Le Conseil Général a mis sur cette zone un garde départemental ; la Commune de Guînes a donné un emploi jeune ; le Conseil Général et la Commune financent OPUR pour que cette association intervienne quotidiennement dans le Marais.
En faisant cela, nous ne concurrençons pas les entreprises, car l'intervention dans le Marais ne peut se faire qu'à la main, dans des conditions difficiles voire extrêmes.
OPUR étant devenu un outil de valorisation environnementale pour l'intercommunalité, celle-ci demande chaque année des dotations à l'état pour acheter du matériel qui est mis à disposition de l'association.
Actuellement OPUR a un taux de reclassement de près de 70% et la Communauté de Communes est en train de mettre en place une nouvelle politique qui devrait nous permettre d'en pérenniser une partie. En effet, notre collectivité est engagée dans une démarche de Contrat Rural sur l'Eau.
Ce qui nous a amené à nous intéresser au problème de l'eau, c'est simplement les phénomènes d'inondations que nous avons connu fin 2000.
Ces phénomènes ont mis en évidence deux choses :
- la première, c'est qu'on ne joue pas avec la nature, impunément. En goudronnant à outrance, en déboisant, en supprimant des fossés ou des haies, lors des remembrements, nous avons tous fait des bêtises. L'érosion des sols est une évidence et les coulées de boue sont notre calvaire.
- 2ème évidence : c'est que sur le bord d'une rivière, dans un marais ou dans une zone de wateringue, aucun système électronique n'est aussi efficace pour la gestion de l'eau, que l'esprit de l'homme et l'action de l'homme.
Cette nouvelle orientation de la politique communautaire nous a amené à envisager :
- en coopération avec le monde agricole et la chambre d'agriculture, la mise en place d'équipes qui replanteraient des haies, des bandes herbeuses et qui s'occuperaient de l'entretien des cours d'eau
- dans les zones de marais et de wateringues, nous avons déjà créé et nous accentuerons cette démarche, des postes de cantonniers de rivière. C'est une priorité pour nous ; c'est une exigence de la population.

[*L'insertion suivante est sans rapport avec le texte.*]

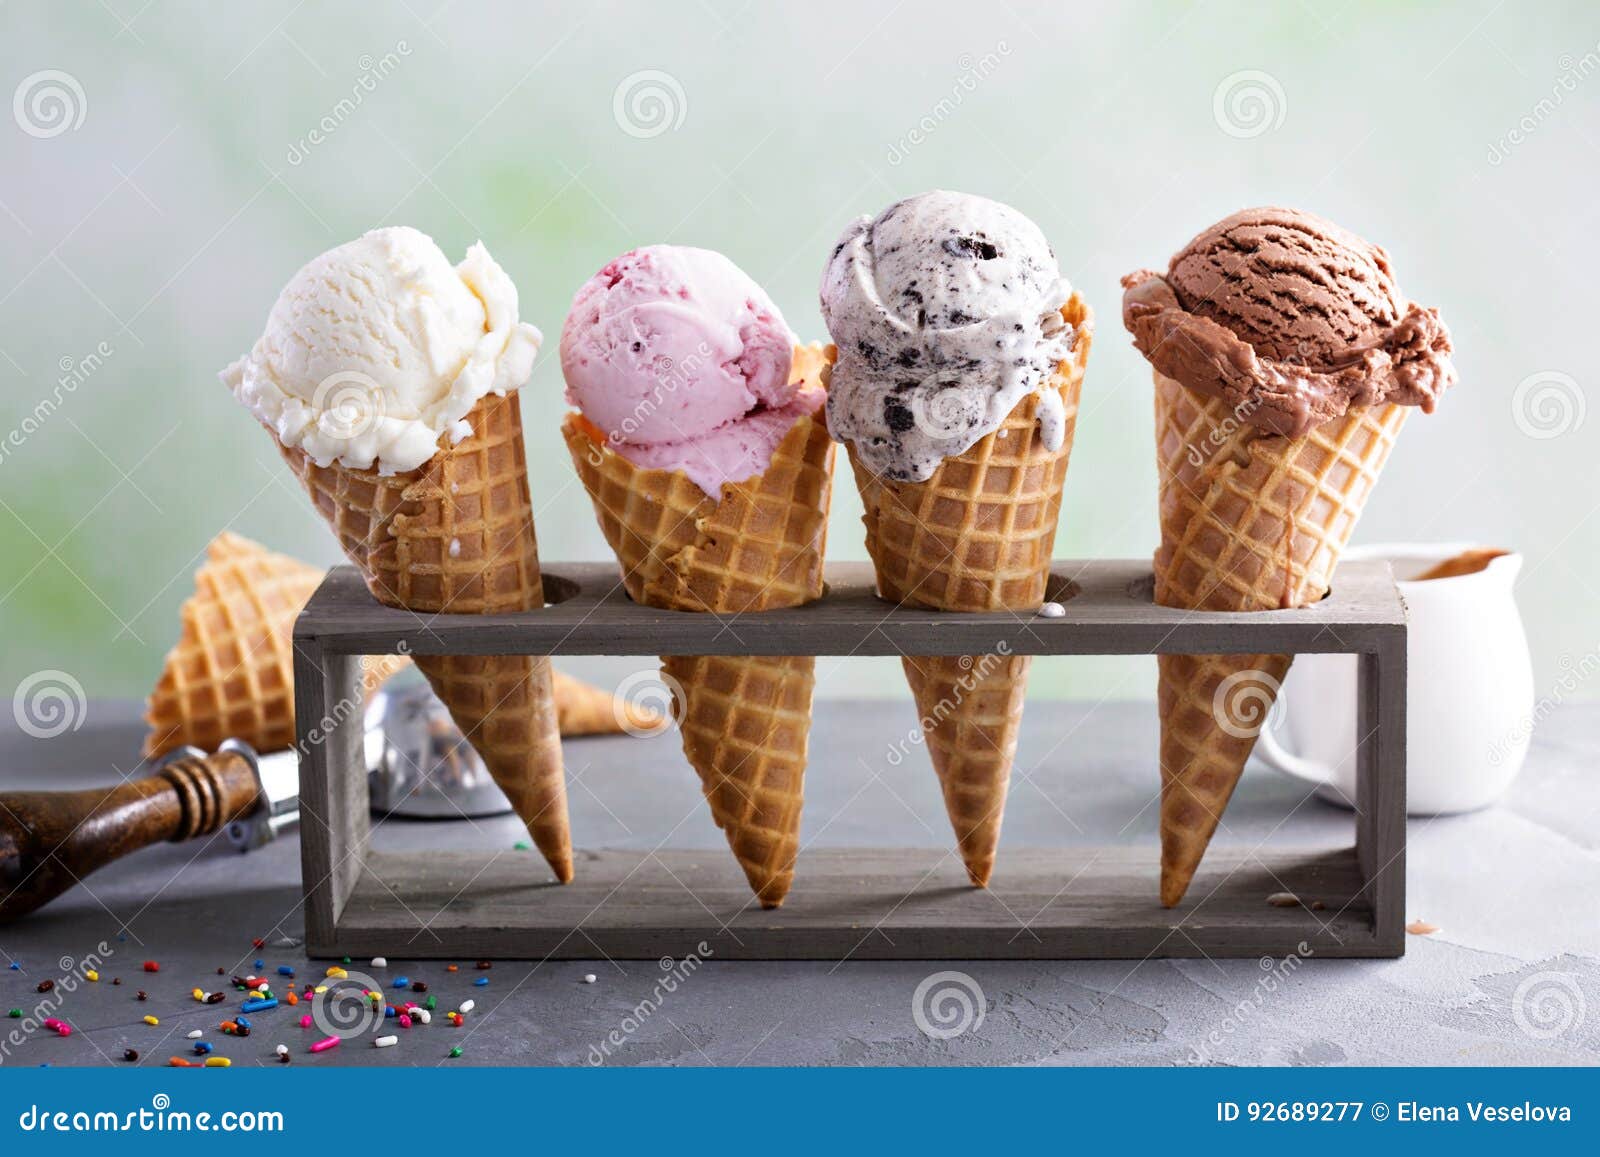 variety of ice cream cones

Voilà quelques exemples de volonté locale forte amenant à la création d'emplois.
Je me permettrai, aussi, de rajouter un facteur qui n'est pas négligeable.
Vous le savez, beaucoup de CES ou de CEC, sont issus de milieux défavorisés, souvent sans diplôme. Le fait de les faire travailler, dans la nature, avec des gestes qu'ils savent faire et l'esprit d'équipe qui anime ces structures, amènent plus de réinsertion sociale que le plus beau des discours. C'est une chose qu'il faut savoir prendre en compte.
Bien sur, dans tous les exemples que je vous ai cité, tout n'est pas forcément rose.
A Eden 62, on trouve des gens qui sont gardes départementaux, donc dépendant de la Fonction Publique Territoriale, à côté de techniciens, avec des diplômes et une expérience remarquable, mais qui sont embauchés par le syndicat et qui sont donc des contractuels ; ce qui veut dire travailler en CDD et ne pas avoir les mêmes avantages que les autres.
Essayer de résoudre cette anomalie n'est pas, avec les lois et la réglementation française, quelque chose de facile.
A OPUR, nous travaillons avec des CES et même si le taux de placement est bon, nous laissons quand même des gens sur le bord de la route. Mais bien souvent, nous leur avons donné une remotivation, accompagnée d'une formation.
Alors, si je reviens à mon introduction, je dirais "oui, l'environnement est créateur d'emplois, d'emplois pérennes, d'emplois de réinsertion, d'emplois tout court.
Mais pour cela, il faut :
- une volonté politique affirmant que la préservation de l'environnement est une des priorités de notre époque
- une volonté administrative qui confirme que les métiers de l'environnement sont des métiers indispensables dans le cadre de la Fonction Publique
- une volonté sociale, enfin, qui nous amènerait à affirmer que la gestion des ENS et la protection de l'environnement, c'est un service public, au même niveau que les autres.
Alors quand ces trois conditions seront remplies, nous pourrons affirmer que nous avons réalisé :
- notre devoir de responsable
- notre devoir d'élu
- notre devoir de citoyen
- bref, notre devoir d'homme
…. et à ce moment-là, nous pourrons enlever le point d'interrogation.